## TASK TO COMPLETE
Every line below is to be given again precisely; images are to be left out.

## THE DATA
#####

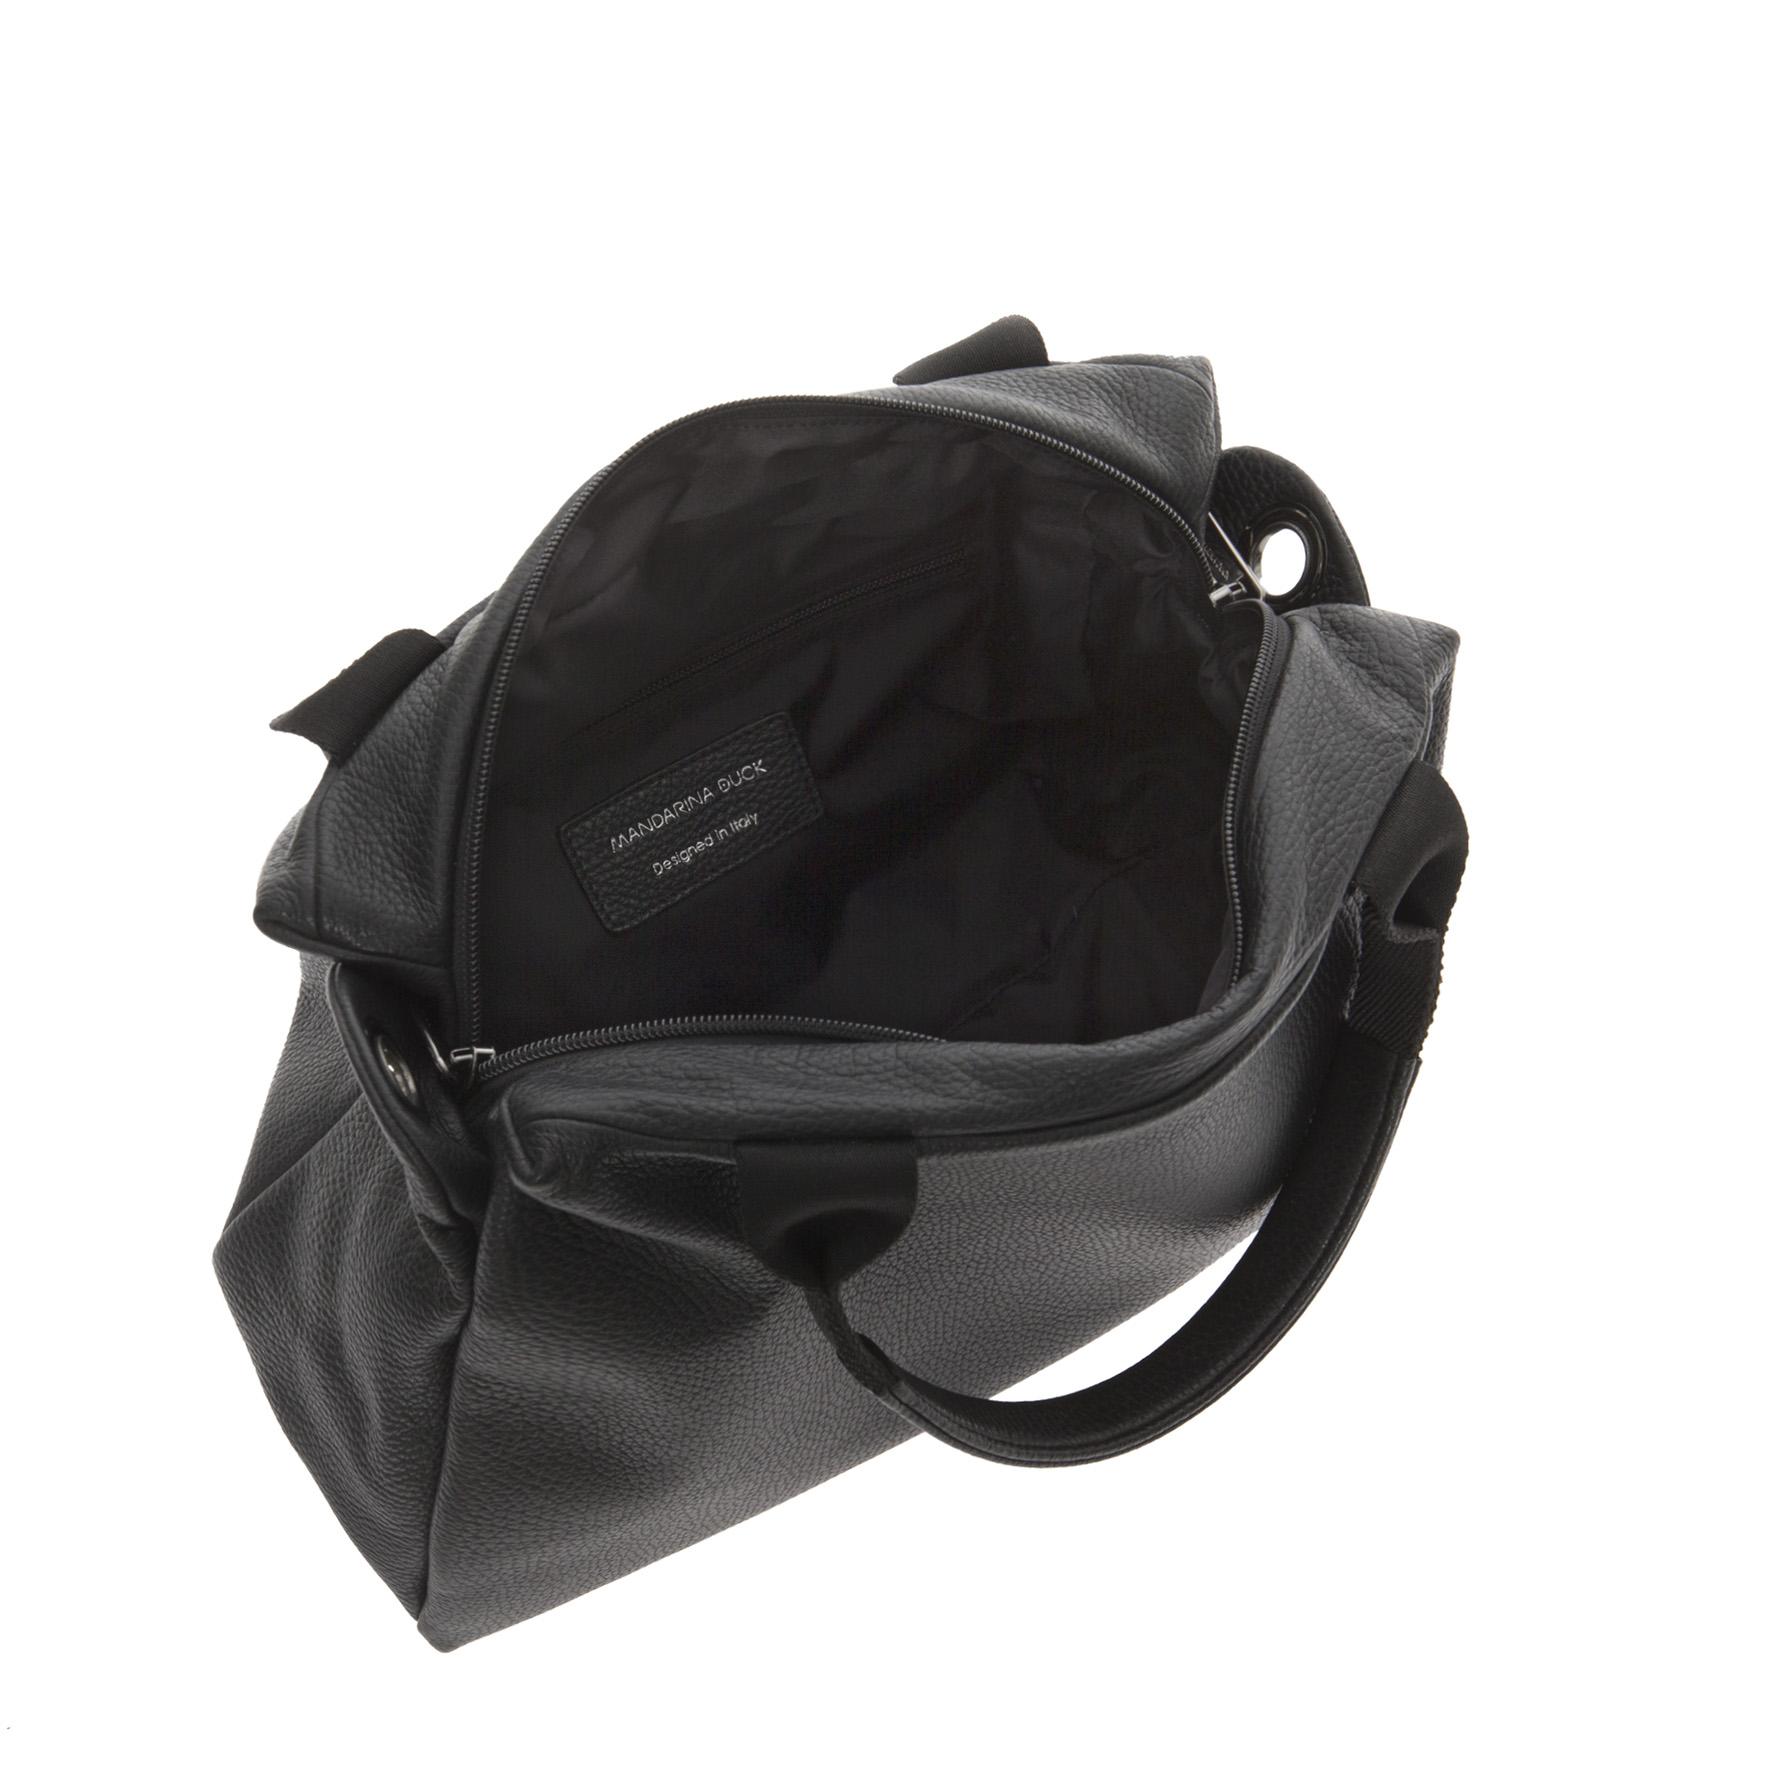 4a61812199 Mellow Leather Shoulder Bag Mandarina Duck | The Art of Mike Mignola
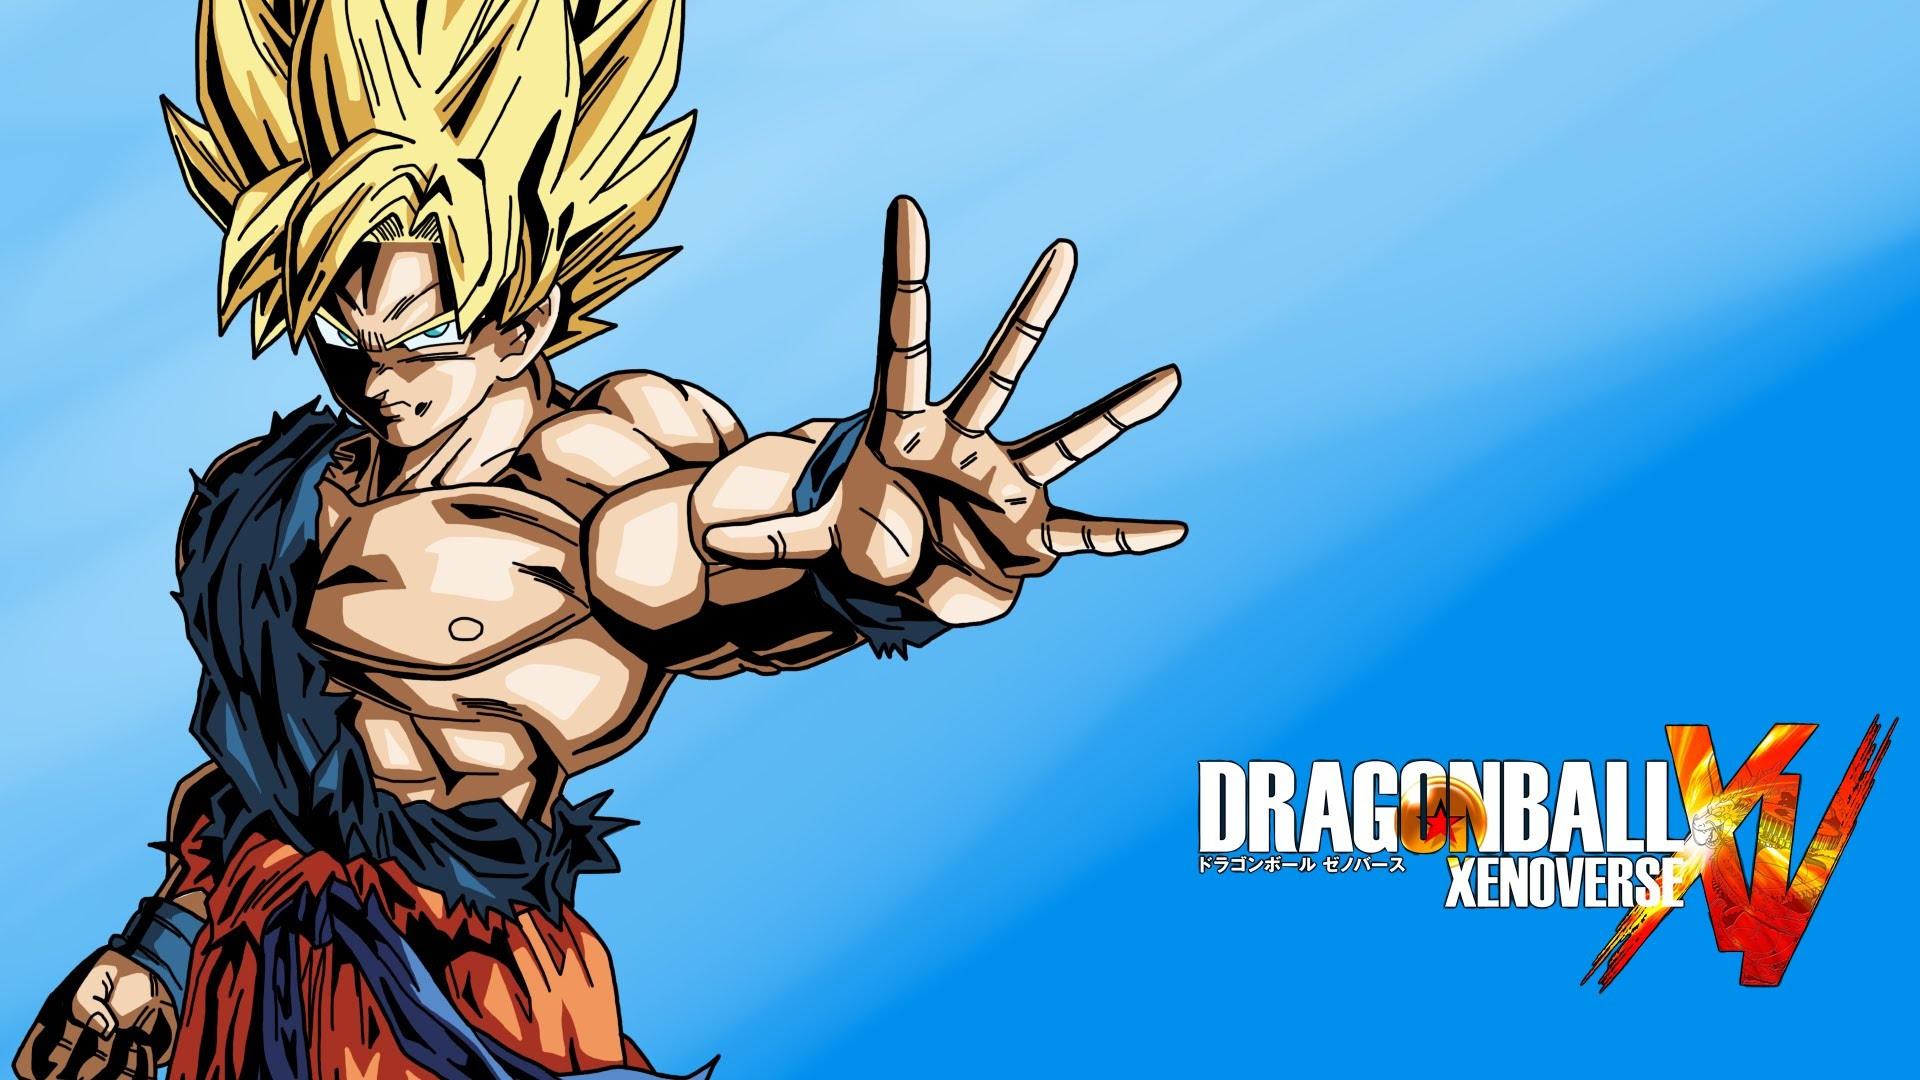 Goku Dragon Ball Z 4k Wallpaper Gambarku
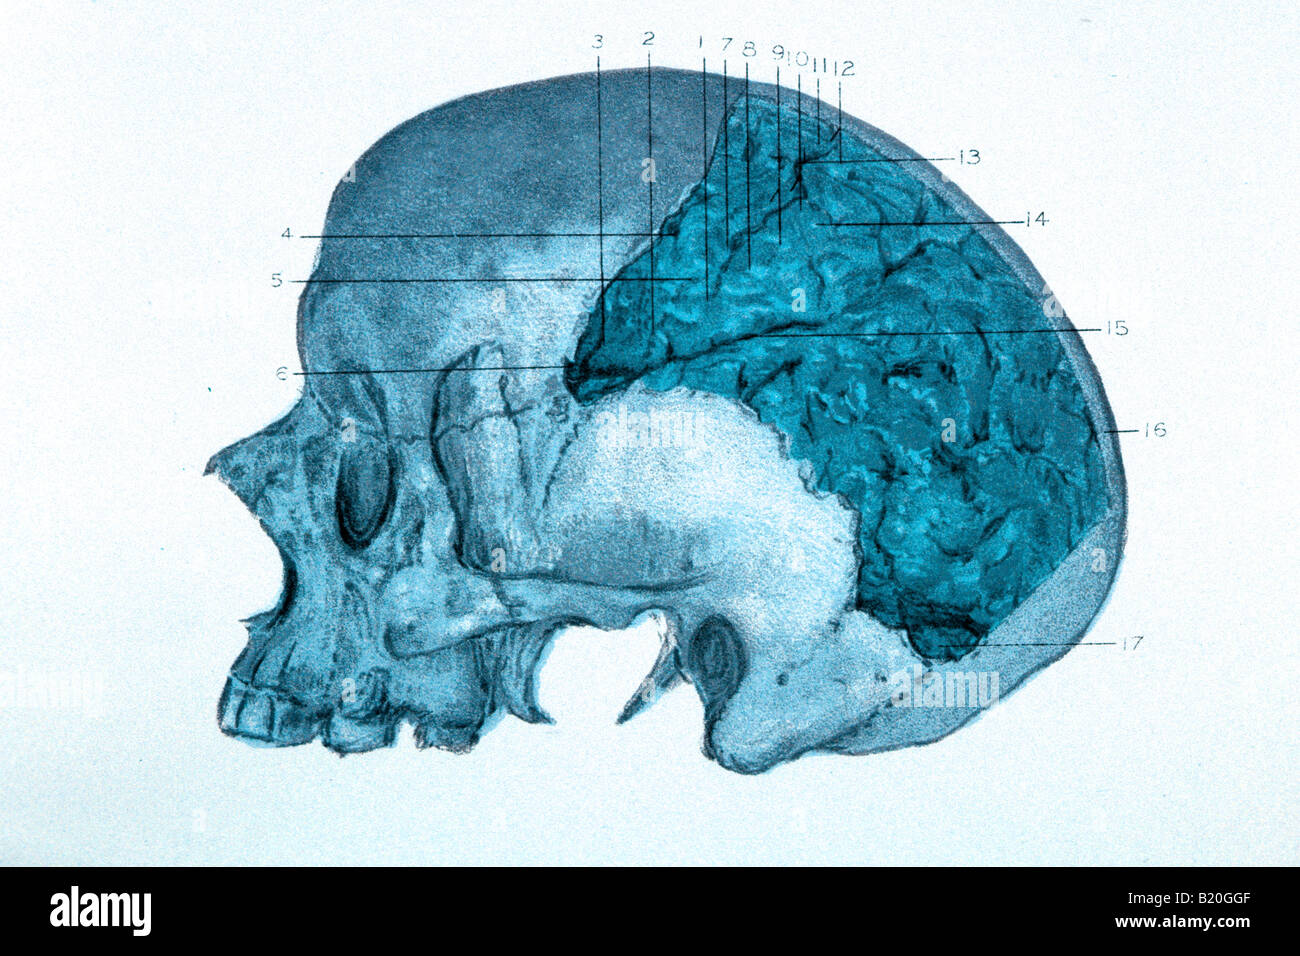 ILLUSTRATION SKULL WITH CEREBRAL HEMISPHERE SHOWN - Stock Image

#####

## TASK ANSWER
 4a61812199 Mellow Leather Shoulder Bag Mandarina Duck | The Art of Mike Mignola
 Goku Dragon Ball Z 4k Wallpaper Gambarku
 ILLUSTRATION SKULL WITH CEREBRAL HEMISPHERE SHOWN - Stock Image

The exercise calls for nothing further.